Scrolling through your own social media history is the
ultimate in narcissism. The very best bits of your life, documented in a
scrolling timeline for people you hardly know. For people who, were they to
change their name to something hilarious on
Facebook, you would likely forget. Like ‘who the fuck is SteAmboat SArah? And
why does she like capital As so much?’
I’ve been on facebook since 2007. You can scroll back to a
time when they used to have that graffiti thing on each page, and when you
could have a ‘pet’ and you had to feed it. You can scroll back to a time when I
used the word “retarded” publicly and without shame, when I thought it was ok
to call people sluts. You click through another month, another life and think,
‘who is this jerk? Oh wait, it’s me.’
I read this post on tumblr the other day and it said:
there’s a lot of unspoken pressure to keep liking the
things you used to like and to keep dressing the way you’ve always dressed and
to never question what you believe in and basically “be yourself” has slowly
morphed into “be what everyone knows you as” but trust me when i say if you
just give it up and simply make decisions and take actions based purely on what
would make you happy, you’ll gain a very comforting sense of self peace (floozys)
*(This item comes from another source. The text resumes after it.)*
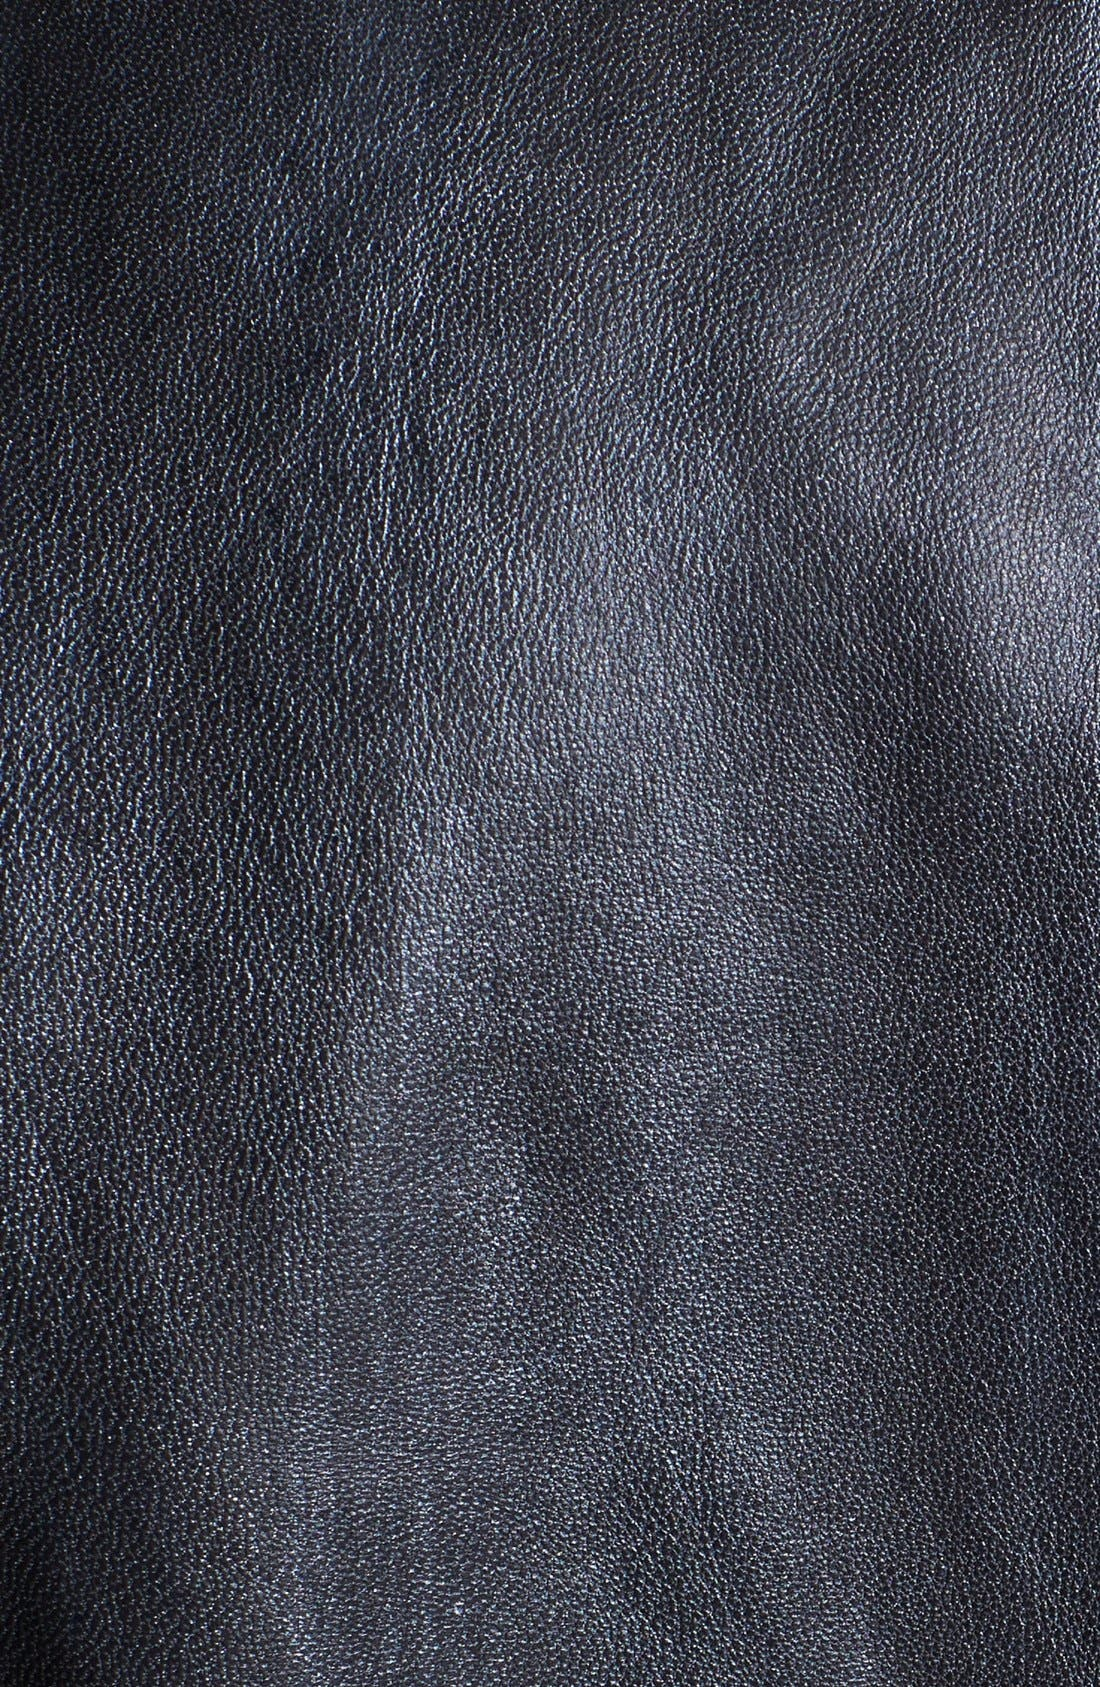 Alternate Image 3  - Kenneth Cole Collection Metallic Leather Moto Jacket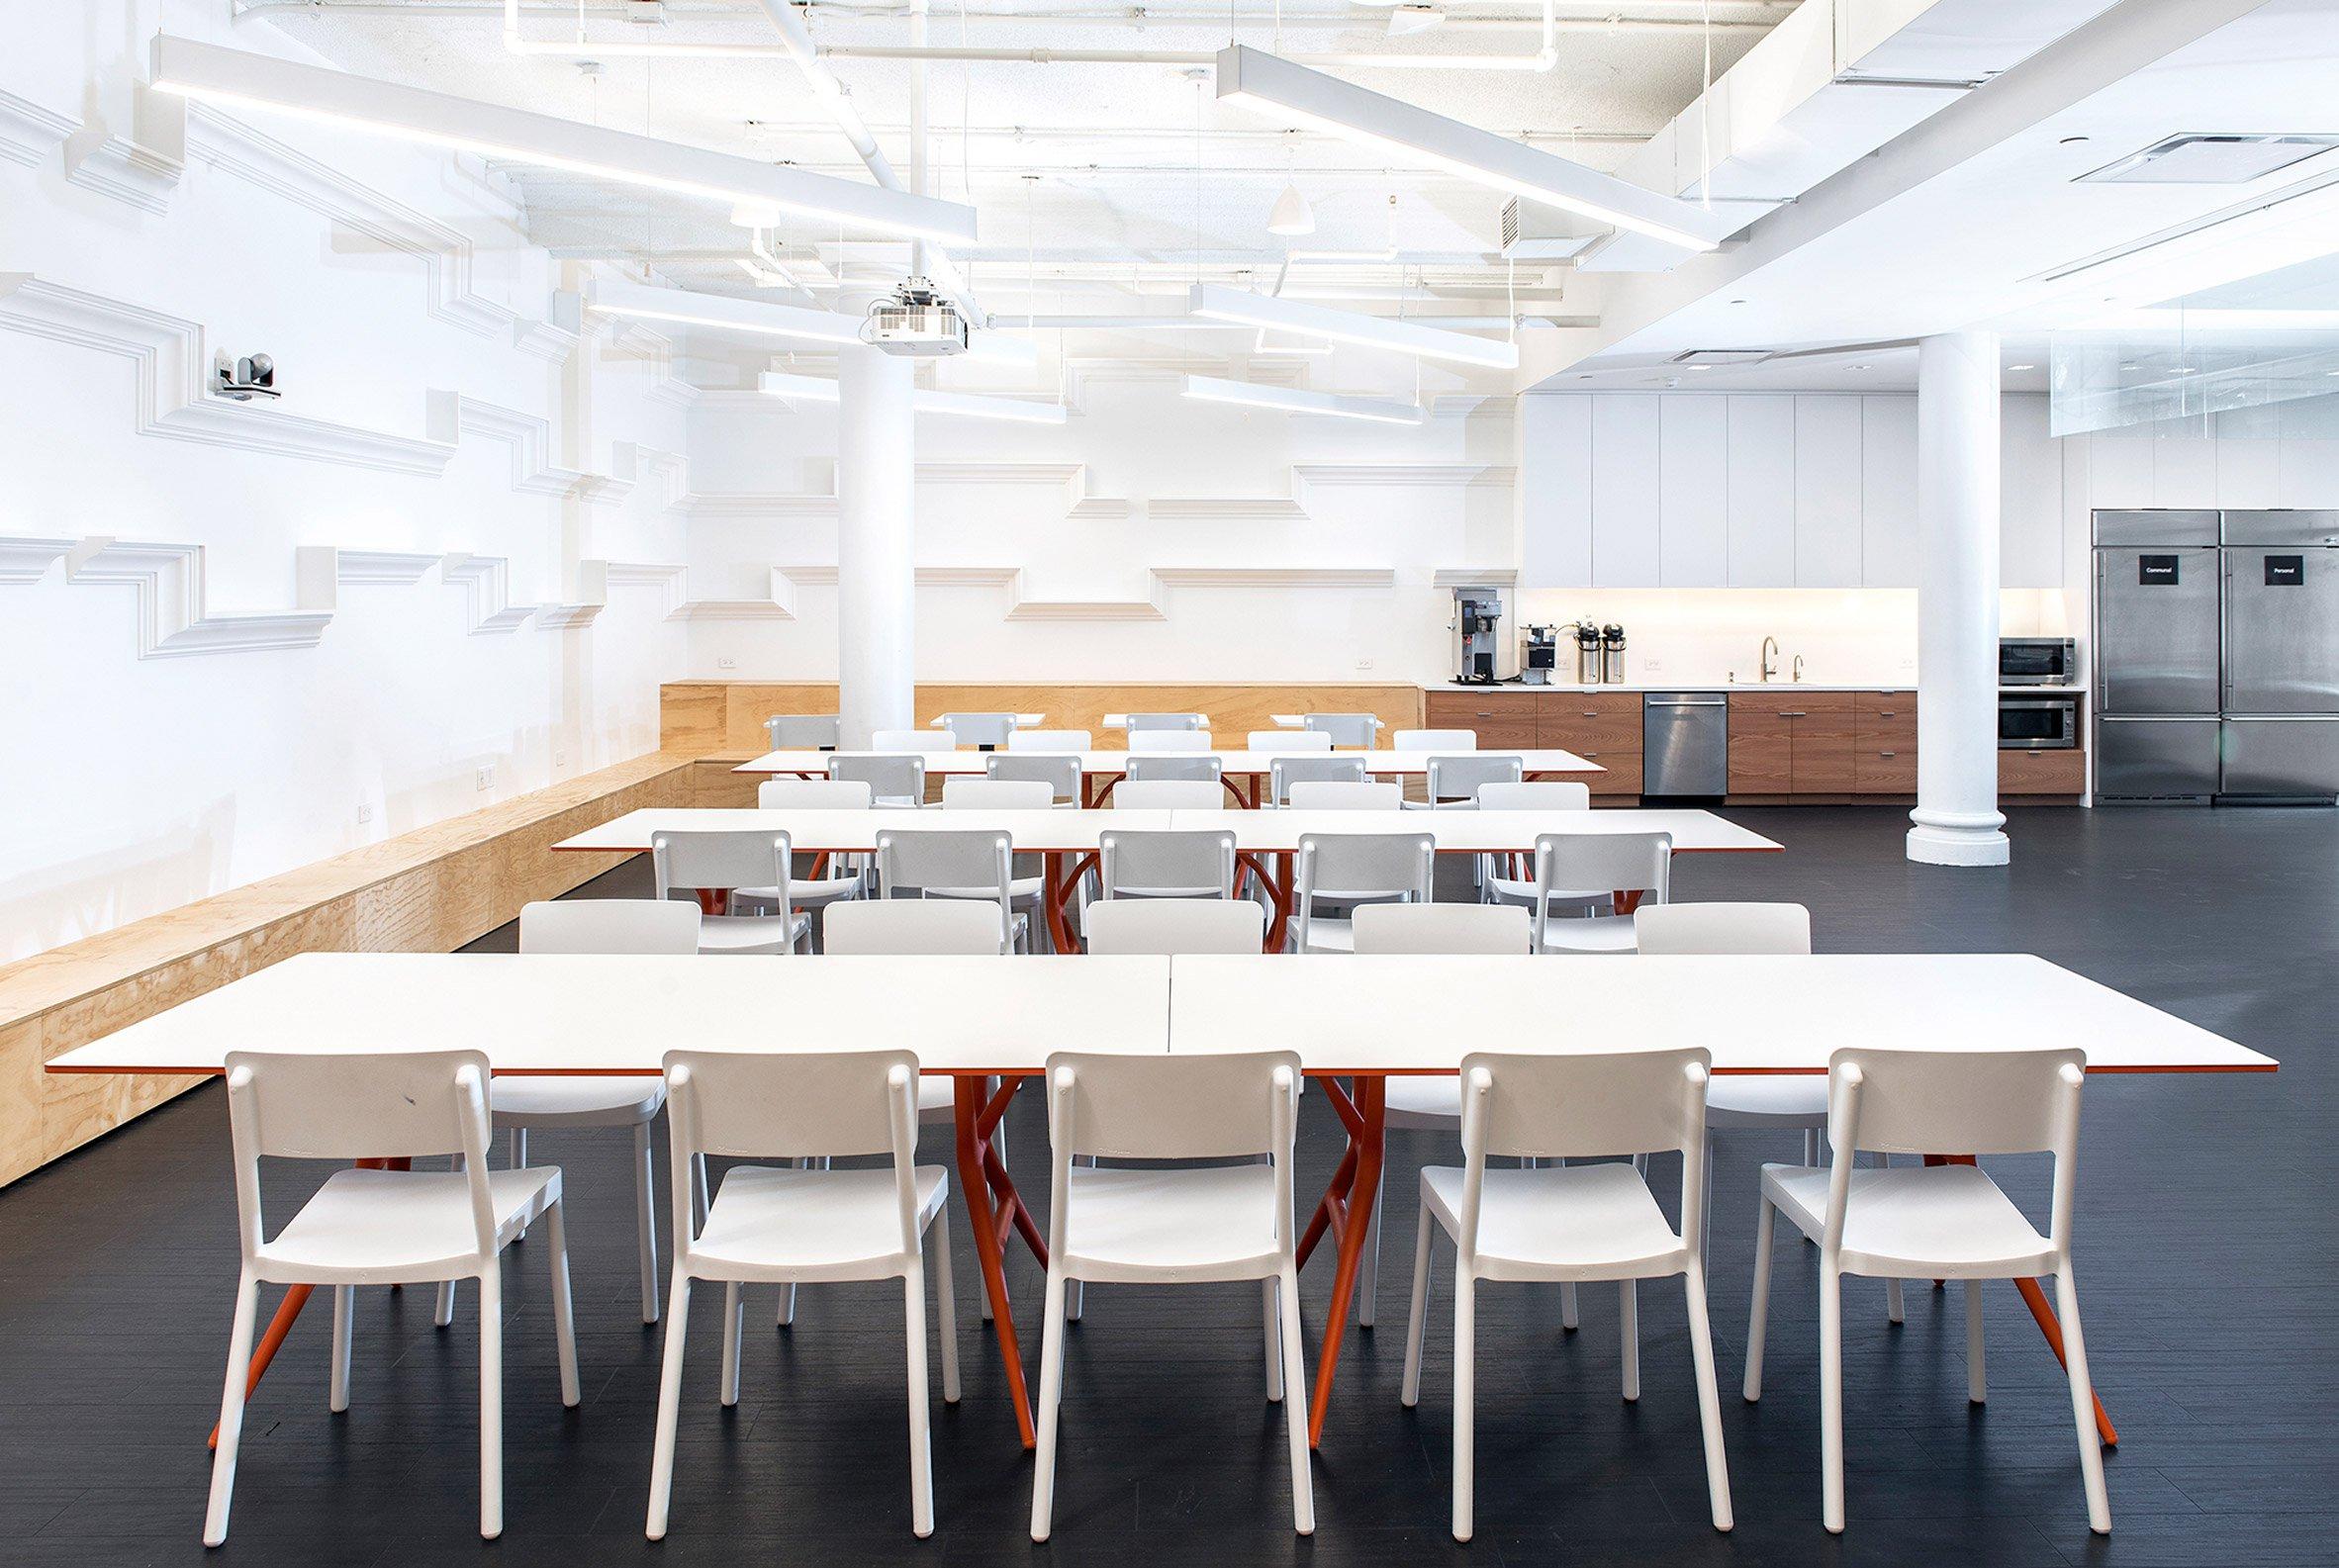 architecture-interiors-offices- manhatten-new-york-design-studia-osnovadesign-osnova-poltava_18

This has never been truer than on social media. Where you’ve
still got people hanging around who you went to primary school with. Hell, I’ve
got people on there who haven’t seen
me since primary school. Do they think I’m still really sad about being flat
chested? Do they think I’m still the same girl who spread gossip and drama and
left a love note in a boy’s desk? There are people on my facebook who were
never my real life friend to begin with. Whose wedding dresses and beach
holidays and puppies look pretty nice I guess, but whom I’m never going to talk
to again. What do they think of me? Do they even remember what I was like in
high school? Could they even picture my face if I didn’t upload a selfie every
3.2 days?
On this blog I have a written record of thought spanning
back four years or so. My first post is a kinda sexist rant about how I think
my opinions about other girls’ bodies actually matter. They don’t, clearly.
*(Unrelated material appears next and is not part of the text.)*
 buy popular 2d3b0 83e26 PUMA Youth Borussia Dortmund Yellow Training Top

Sorry women. I’ve changed, so should I take it down?
I don’t think so?
I like
to see this blog as an external record of some fairly complicated internal
changes. And maybe it’s important to leave it here for all to see. Or maybe
it’s not. I don’t know. But I’m gonna leave my thoughts out there anyway, for
better or worse.
I guess what I’m saying is it’s really hard to acknowledge
when you’ve changed. And for all the wonderful things I love about social
media, sometimes making a solid, written, record of an opinion can make it
harder to change. So let’s embrace our past stupidities, let’s acknowledge that
we got facebook before we knew how to hold reasonable conversations, let’s
proudly change our opinions.
The internet is forever, but our dumb-ass opinions don’t
have to be.
I agree with your sentiments. I look back on 5 years of blogging along with building a couple of YouTube channels, podcasting and so on. But I keep coming back to blogging as my preferred platform. Why anyone would read my nonsense is beyond me, but I do enjoy the style of story telling that is blogging. I have no idea why. Its fun to see what I thought would pass for content. Im not ashamed of it, but I think time at the wheel teaches. Happy Days.